··· DATA SHOWN ···
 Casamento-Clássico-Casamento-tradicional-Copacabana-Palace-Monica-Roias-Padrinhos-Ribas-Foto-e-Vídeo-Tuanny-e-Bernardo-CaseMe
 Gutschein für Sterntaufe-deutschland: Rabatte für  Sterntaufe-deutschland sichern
···
··· DATA SHOWN ···
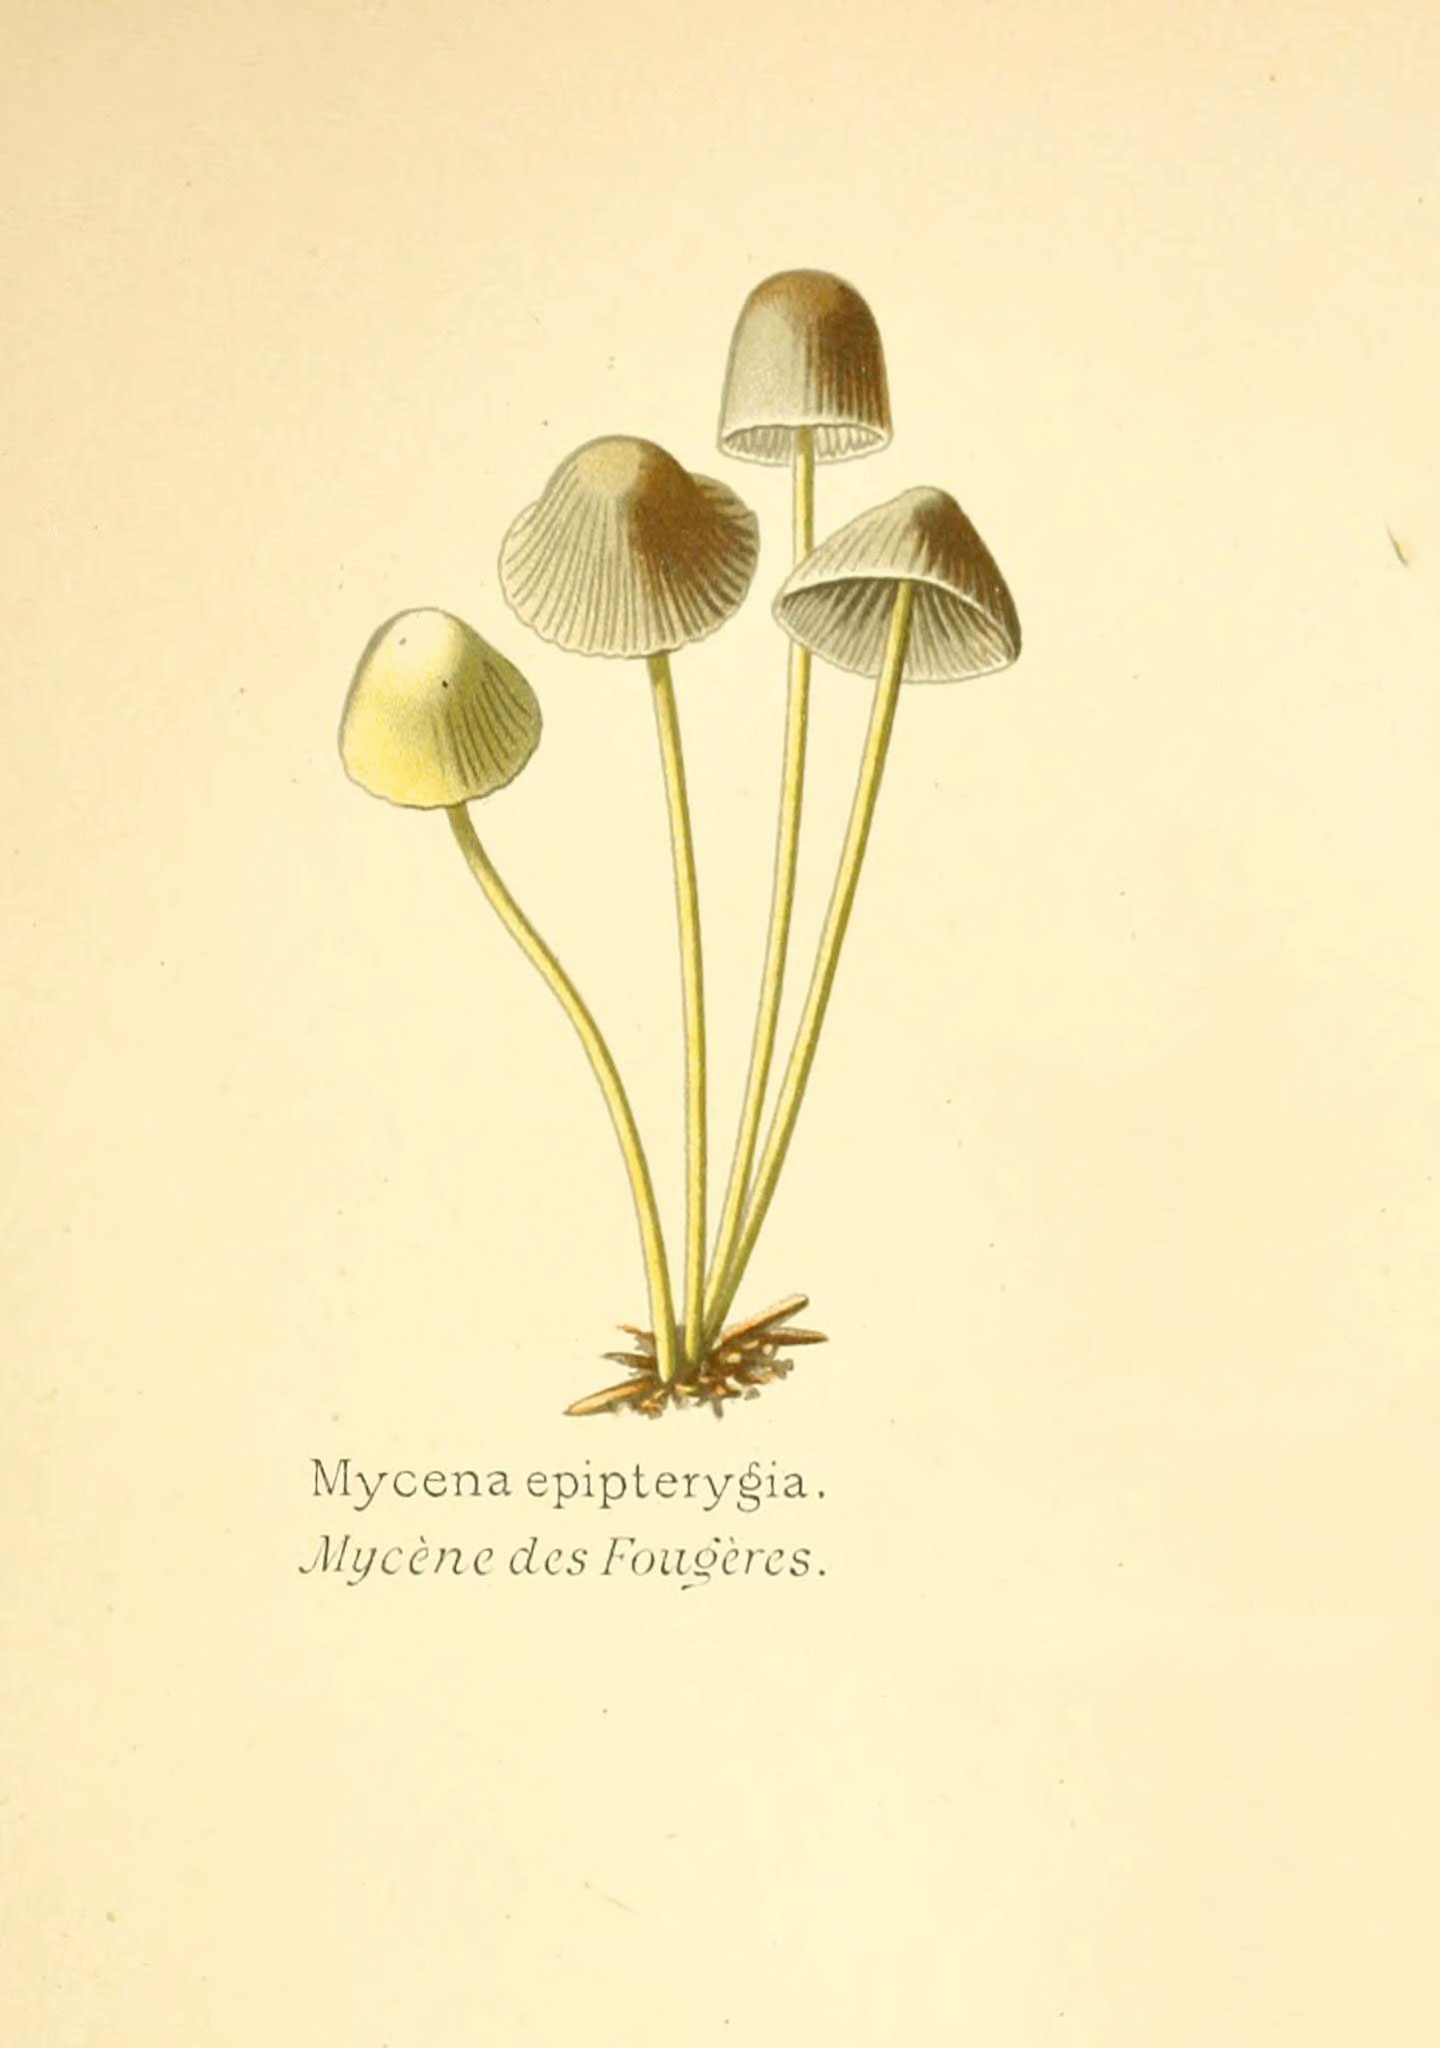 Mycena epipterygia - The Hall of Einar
···
- [ASSIGNMENT]
Return, word for word, the lines of the data above from the line with "Casamento-Clás" through the line with "Gutschein für Sterntaufe-deutschland: Rabatte", inclusive.

- [ANSWER TO THE EXERCISE]
 Casamento-Clássico-Casamento-tradicional-Copacabana-Palace-Monica-Roias-Padrinhos-Ribas-Foto-e-Vídeo-Tuanny-e-Bernardo-CaseMe
 Gutschein für Sterntaufe-deutschland: Rabatte für  Sterntaufe-deutschland sichern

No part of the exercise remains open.